沈含见她回来,起身以笑迎接,“郡主回来了,快坐。”
“多谢姨母。”她在沈含示意的位置落座。
“姨母,我有事想同阿爹商量,阿爹呢?”青予直奔主题,在这姜府多待一刻,她都觉得厌烦。
“你阿爹一会儿就回来了,先坐着歇会吧。”
她点点头,沈含的态度好似从来没有发生那天的争吵,对她很是客气,却又过分客气。
片刻,姜酌便回来了,姜墨跟在身旁,一看到她就一脸怨念,沈含倒是明白的同姜墨下去。
“阿爹。”
青予刚要俯身,连忙被姜酌拉起来,“来青予,和阿爹不必多礼。”
“昨日你见到陛下了?”姜酌迫不及待询问。
“恩,阿爹交代的事,青予已经办妥了,其他的,就看陛下怎么做了。”
“太好了女儿,为父相信你一定能成功的。”姜酌欣慰地拍了拍她的肩膀。
青予垂下头,隐忍的神色似乎有话想说。
“怎么了女儿?是遇到什么问题了?”
她斟酌后开口,“阿爹,若我成功,您能告诉我母亲的死因吗?”
话落,姜酌神情顿时僵硬,连带收起脸颊虚伪的笑容。
“等你成功了再说吧。”
显然,青予并不能满足于他这句话,她俯身跪地,“阿爹,请您答应我。”
姜酌扫了她一眼,不悦,可碍于她如今的权力,他只是沉默。
“阿爹您知道的,我也可以告诉舟哥哥实情。”
“怎么?你是想威胁为父吗?”姜酌轻蔑阴冷的语气压制在她身体上。
若是之前,恐怕她早已该承受皮肉之痛了。
“青予不敢,青予只想知道真相,别无他法。”她表现得颇为畏惧,但还是坚持自己心中的念头。
姜酌沉默片刻,屈身扶起她,唇角又恢复虚伪的笑容。
“好女儿,为父答应你,只要这次任务成功,为父就告诉你真相。”
“是,多谢父亲。”坚韧的瞳孔却又被泪光充盈,这是她一直以来期盼的真相,姜青予期盼的真相。
交代完青予便离开了,姜墨这才从屋内出来。
就算不知道他们的具体交流,也猜到这姜青予来定没什么好事。
“阿爹,您真打算听姜青予的?”
“这次似乎不太一样。”
“为什么?”姜墨不太明白。
姜酌半眯着眼,揣摩,“姜青予提出以这个计划的成功,换取她母亲的死因。”
“不是…本该这样吗?”在姜墨看来是这样,不然姜青予岂会心甘情愿站在姜家这边。
“不。”姜酌却一眼看出其中的关键,“之前她从未提过,而这次,她却提了。”
甚至还想要威胁他。
……
转眼又到了上朝的时间,朝衣朝冠,会聚大堂。
“又过了三日了,各位爱卿商讨出结果了吗?”萧砚舟注视下方的众人。
吴长史率先开口,“回禀陛下,臣这几日调查,确定之前拨下来的救济款,真正到达百姓手里的却是微乎其微啊。”
光从声音都能听出吴长史的痛心,悲愤。
“吴长史的意思是有人私吞救济款?”
“吴长史,若没有证据,在朝堂上不可胡言乱语!”
“是啊吴长史,怎么能只凭借那些刁民几句话,就怀疑臣子私吞呢?!”
吴长史一句话,三个臣子开始你一言我一语回怼他。
吴长史自然不甘示弱,“臣一再调查怎是胡言乱语,如今季节更是病症多发,眼看冬季来临,现连饭都吃不饱的情况,更没有钱来治病迎接寒冬。”

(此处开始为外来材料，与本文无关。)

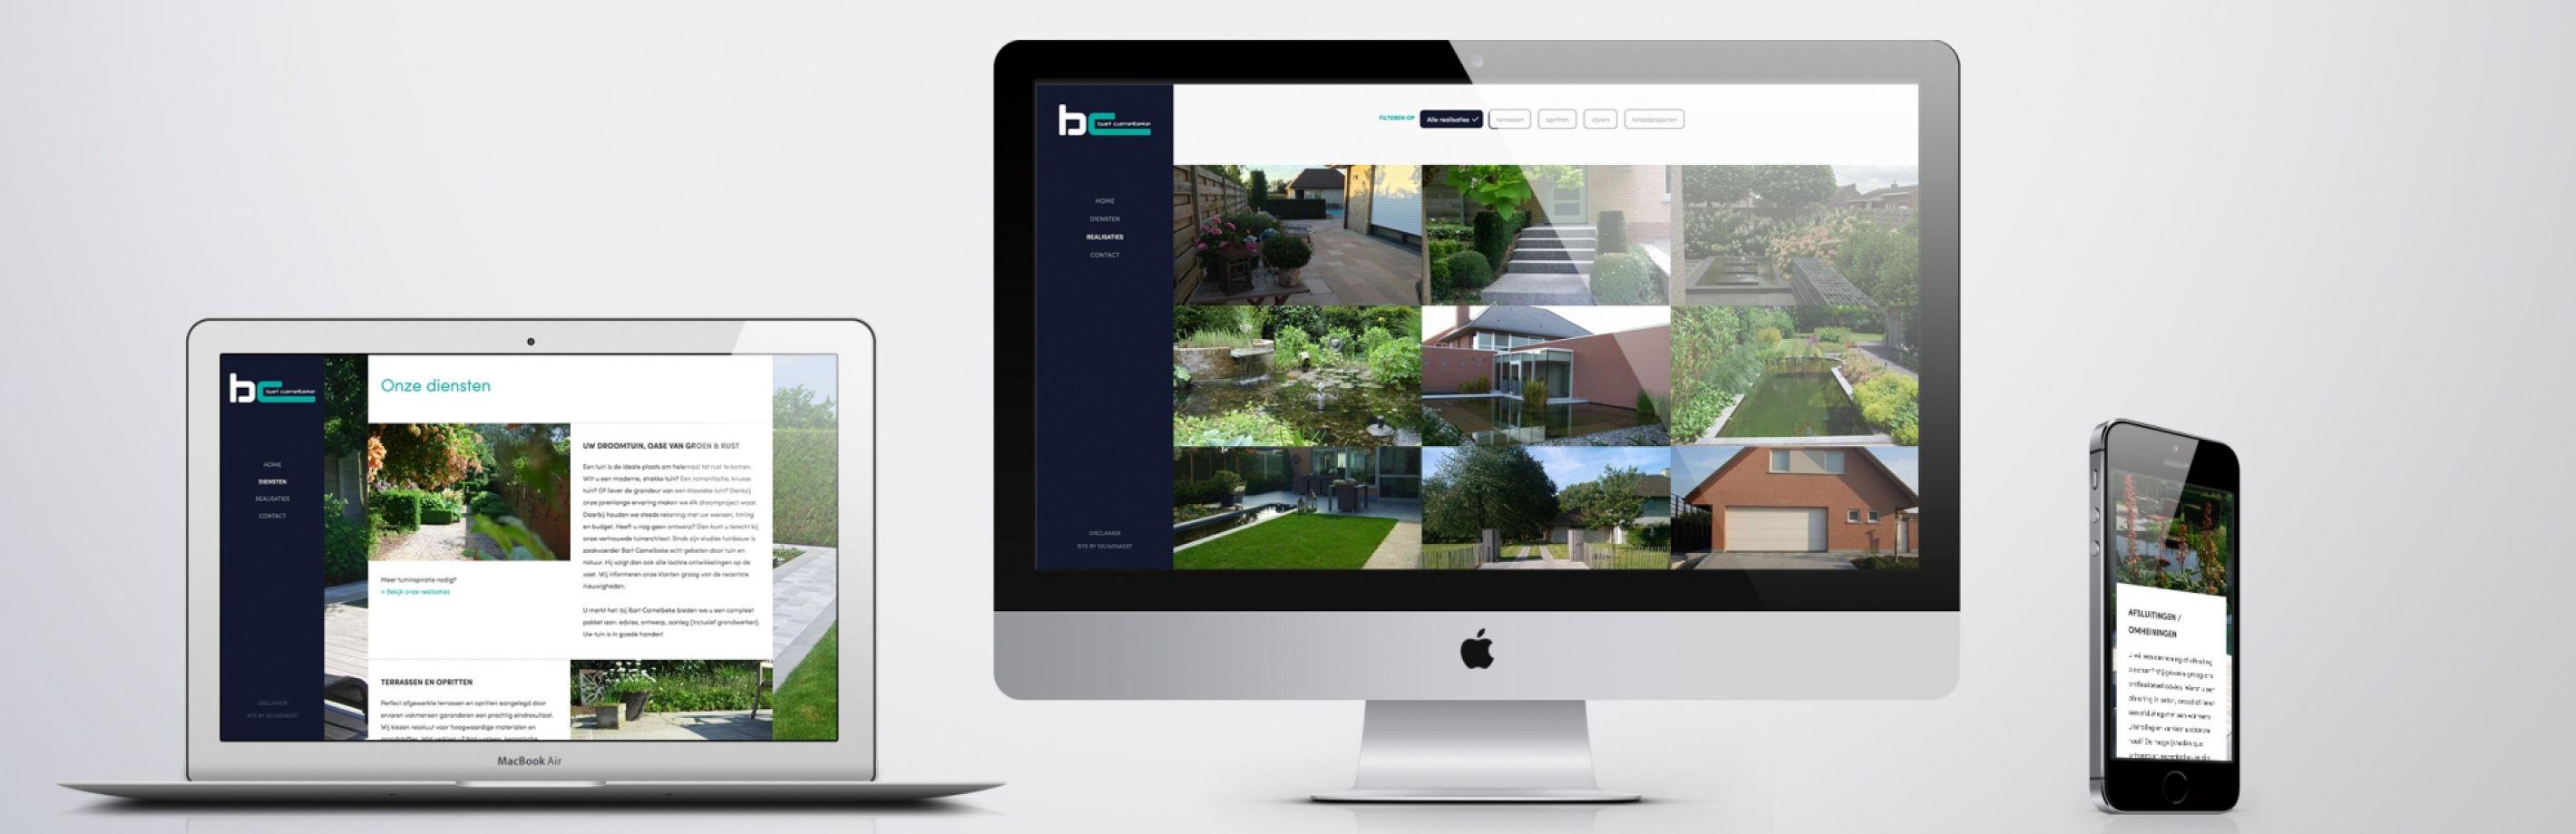 Bart Camelbeke website van laptop tot dekstop tot smartphone

“若不是到了无法生存的地步,那人岂会花费二十来天抵达永清城,只为向臣诉说情况!”
“北安世不止一个艰苦的山村,若他们不一再努力向上,年年靠朝廷赈灾拨款,对其他山村未免也太不公平了。”
“若每一个未得到满足的山村都像他那样,朝廷又该如何解决?”
“……”
仅仅是平静了一会儿,又开始在吵闹中争执。
李内侍在一旁察言观色,看清楚现在的情势,立马提声,“肃静!”
瞬间,所有人闭上嘴。
萧砚舟这才缓缓开口,看上去情绪丝毫不受他们影响,“朕是让你们来是解决问题的,不是来争吵的。”
“陛下。”一直沉默的姜酌突然站出身。
“吴长史既然提议拨款,但又说有人私吞贪污,敢问吴长史又该如何避免再次发生此情形?”
“臣一定亲自派人监督勘察。”吴长史信誓旦旦保证。
可姜酌地逼问并没有结束,“好,就算吴长史能够完成任务,那么之后呢?”
“据老臣所知,那座偏僻的村庄一直穷困潦倒,是因为没有生存来源,解决了燃眉之急,可根本就没有解决事情的根源。”
“姜卿说得是,一直拨款也不是办法,吴长史可有什么提议?”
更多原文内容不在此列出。